What you are looking for is a combination of offline processing and caching. In standalone mode, I mean that the logic of the calculations occurs outside the request-response cycle. By caching, I mean that the result of your expensive calculation is important enough for X-time, during which you do not need to recount it to display. This is a very common picture.
Offline processing
There are two commonly used work approaches that must be performed outside the request-response cycle:
- Cron Tasks (often simplified with a custom management command)
- Celery
In relative terms, cron is easier to set up, and Celery is more powerful / flexible. This suggests that celery has fantastic documentation and a comprehensive test suite. I used it in production for almost every project, and although it requires certain requirements, it is not a bear to customize.
Cron
Cron Jobs is a time-tested method. If you just need to run some logic and store some result in the database, the cron job has zero dependencies. The only bit bits with cron jobs are running your code in the context of a django project, i.e. Your code should load your settings.py correctly to find out about your database and applications. For the uninitiated, this can lead to some aggravation in determining the correct PYTHONPATH and such.
If you are following the cron route, a good approach is to write a custom control command. It will be easy for you to check your command from the terminal (and write tests), and you will not need to do any special hoopla at the top of your control command to set up the proper django environment. In the production process, you simply run path/to/manage.py yourcommand . I'm not sure if this approach works without the help of virtualenv , which you really should use independently.
Another aspect to consider with cronjob: if your logic takes a certain amount of time to start, cron does not know this issue. A nice way to kill your server is to run a two-hour wand, like every hour. You can collapse your own locking mechanism to prevent this, just be aware of this - what starts because a short cronjob cannot stay that way when your data grows, or when your RDBMS is wrong, etc. Etc.
In your case, it looks like cron is less applicable, because you will need to calculate graphs for each user each time, regardless of who actually uses the system. It can help celery.
Celery
... these are bee knees. Usually people scare off the AMQP brokerβs default requirement. This is not a terribly burdensome RabbitMQ setup, but it takes a little bit beyond the comfortable Python world. For many tasks, I just use redis as my task store for Celery.
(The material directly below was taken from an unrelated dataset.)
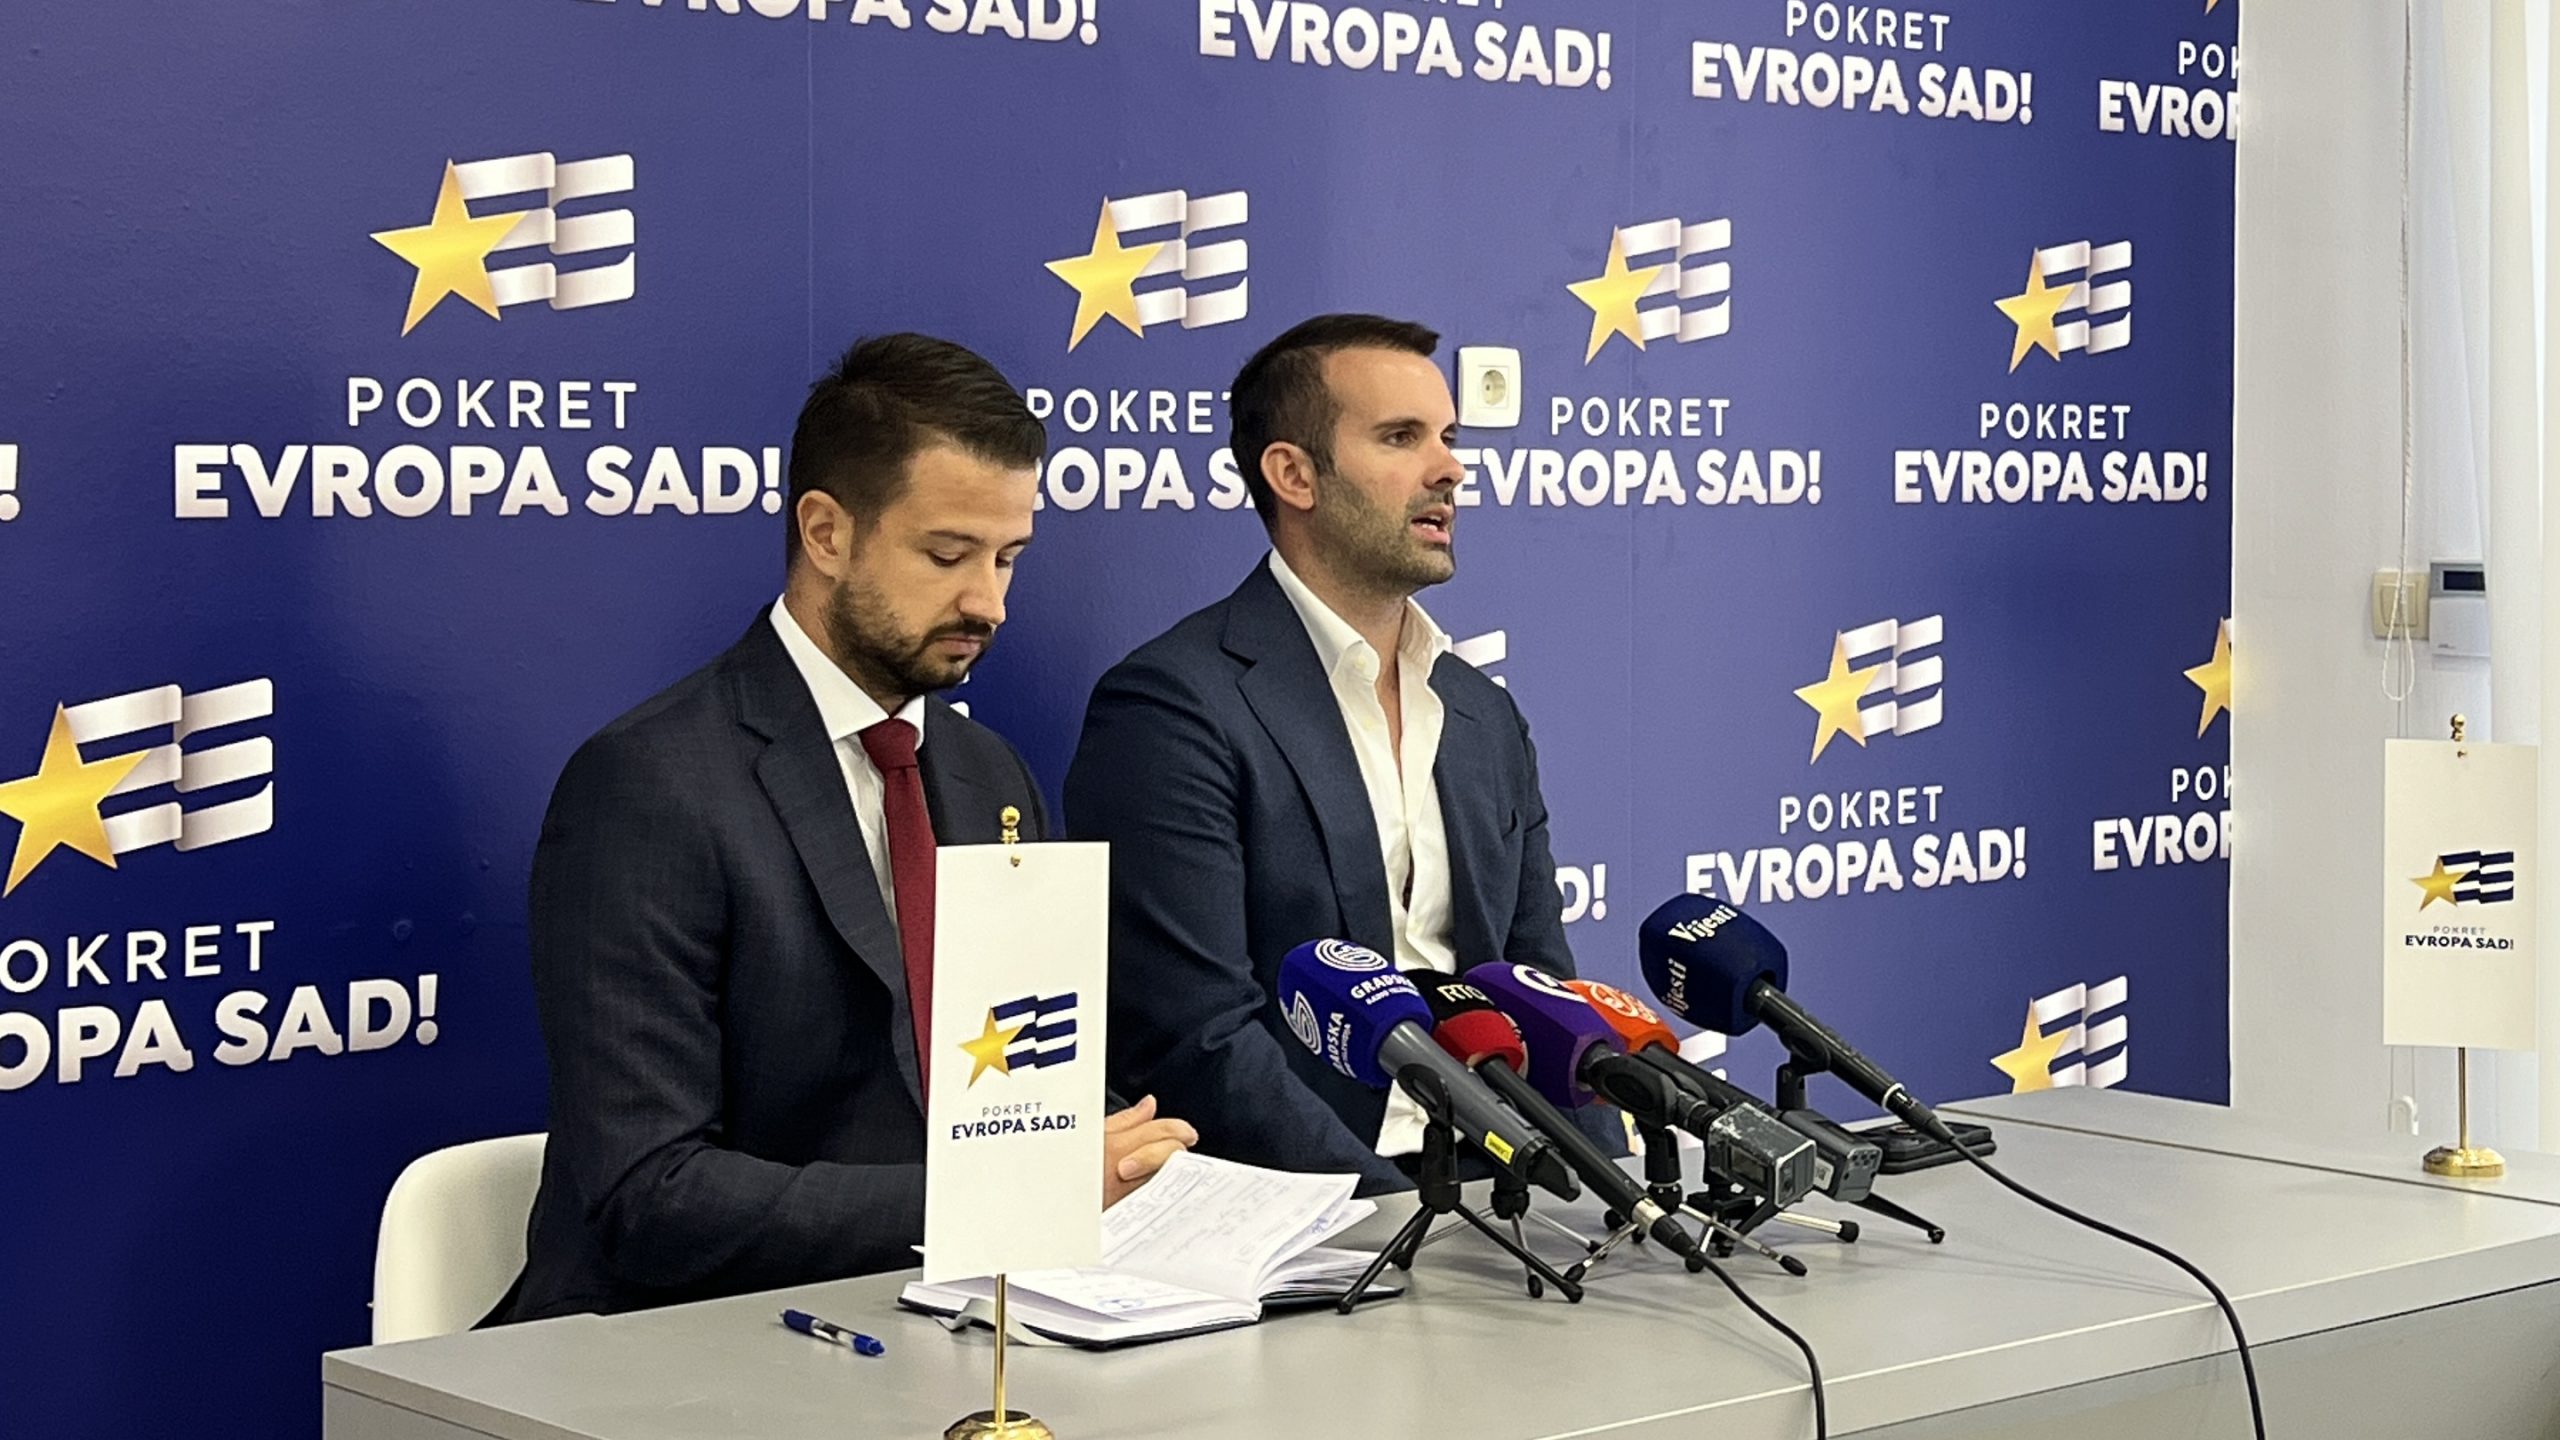 Jakov Milatović e Milojko Spajić durante una conferenza stampa del partito (foto Evropa sad)

The settings are simple :
CELERY_RESULT_BACKEND = "redis" REDIS_HOST = "localhost" REDIS_PORT = 6379 REDIS_DB = 0 REDIS_CONNECT_RETRY = True
VoilΓ‘, no need for an AMQP broker.
Celery provides many advantages over simple cron jobs. Like cron, you can schedule periodic tasks , but you can also run tasks in response to other incentives without supporting a request / response cycle.
If you do not want to calculate the schedule for each active user so often, you will need to generate it on demand. I assume that queries for the most recent available averages are cheap, calculating new averages is expensive, and you generate actual client-side charts using something like flot . Here is an example thread:
- The user requests a page containing a graph of averages.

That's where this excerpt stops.